CCAMYN is a two-hour drive from Nogales and offers free food and housing for individuals coming from and/or going to the border. It is situated in the somewhat odd town of Altar – a place whose economy is largely centered on migration. The shops that line the plaza display camouflaged backpacks and carpet-bottomed shoe covers to hide migrant tracks from the “signcutting” border patrol. Inside this migrant shelter, I feel even further from migration. Though we are surrounded by hopeful crossers, my pale skin and accented Spanish confirms my status as a gringo who will happily coast through the Nogales checkpoint tomorrow sporting a blue passport and North Carolina driver’s license. What am I looking for? I find myself wondering, as I get increasingly frustrated with the awkwardness of this situation. Why do I even keep using these words, “far from migration,” as if it is something you can touch, immerse yourself it, experience in the raw like language immersion programs for highschoolers advertise. My social position necessarily creates a distance between my situation and that of a migrant, and I think that’s okay. But what do I do with that distance?

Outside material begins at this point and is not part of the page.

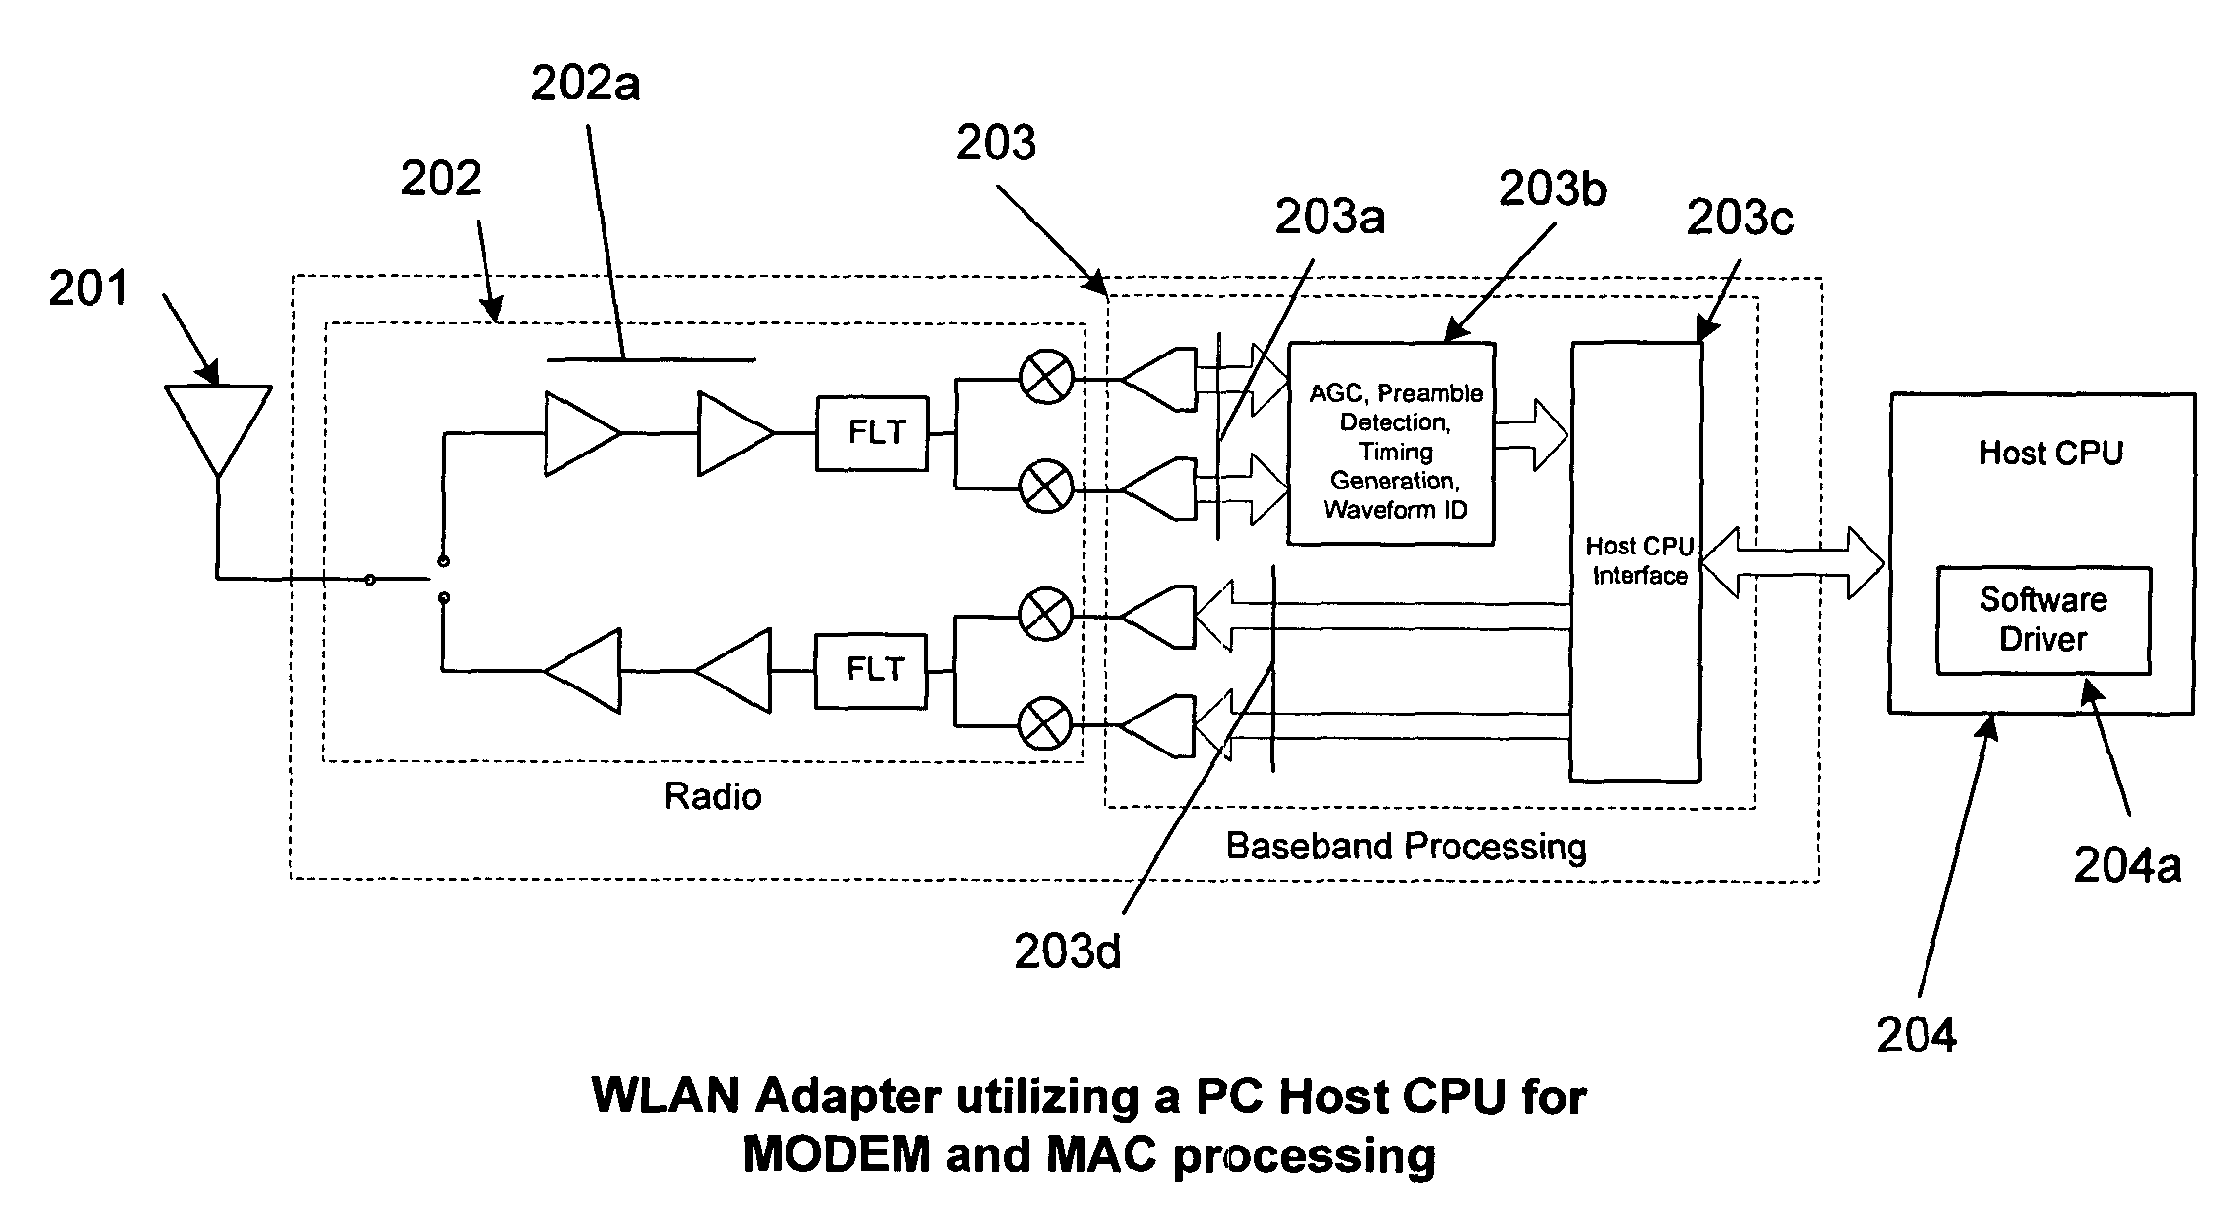 Method for Mitigating Adverse Processor Loading in a Personal Computer Implementation of a Wireless Local Area Network Adapter

Immigration is, by nature, always dynamic. The migrant is moving and la migra are changing their tactics, but the students are reading the same stale articles and trying to situate themselves in a way that feels less horrible or somehow demonstrates a somber awareness of a system in which they’re so clearly implicated. For the men that Megan and I are playing Crazy 8’s with, migration is a means of being with their families or supporting themselves economically. It’s not a cultural phenomenon that they’ve cultivated and want to show off or talk about. I find solace in hearing about Alfonso’s Chinese ex-girlfriend in Florida and learning magic tricks from Oscar. Scholastic articles about how I should be behaving clog my brain, but I fall back on making fart jokes about beans and putting entirely too much hot sauce on my eggs in some weird competition with my Honduran neighbor who has completely drowned his. I’m probably behaving inappropriately.

Back in South Tucson, my host mom and I dance to Shakira’s 1998 album and her youngest daughter laughs at us. I call my mom and put Alfonso and Oscar in the back of my mind for now to talk about what my sister’s doing for her birthday. I guess I am just another vacation activist or do-gooder student. It certainly feels nice to be back home. Binders full of statistics, quotes, and half-Spanish notes stay packed away for the night and my confusion and discomfort about this system that I’m studying and my place within it lingers. But I’m glad that if nothing else, tonight I can just be a human. I know that puts me farther from Border Patrol’s locked gates, and tonight I can confidently say that that’s a good place to be.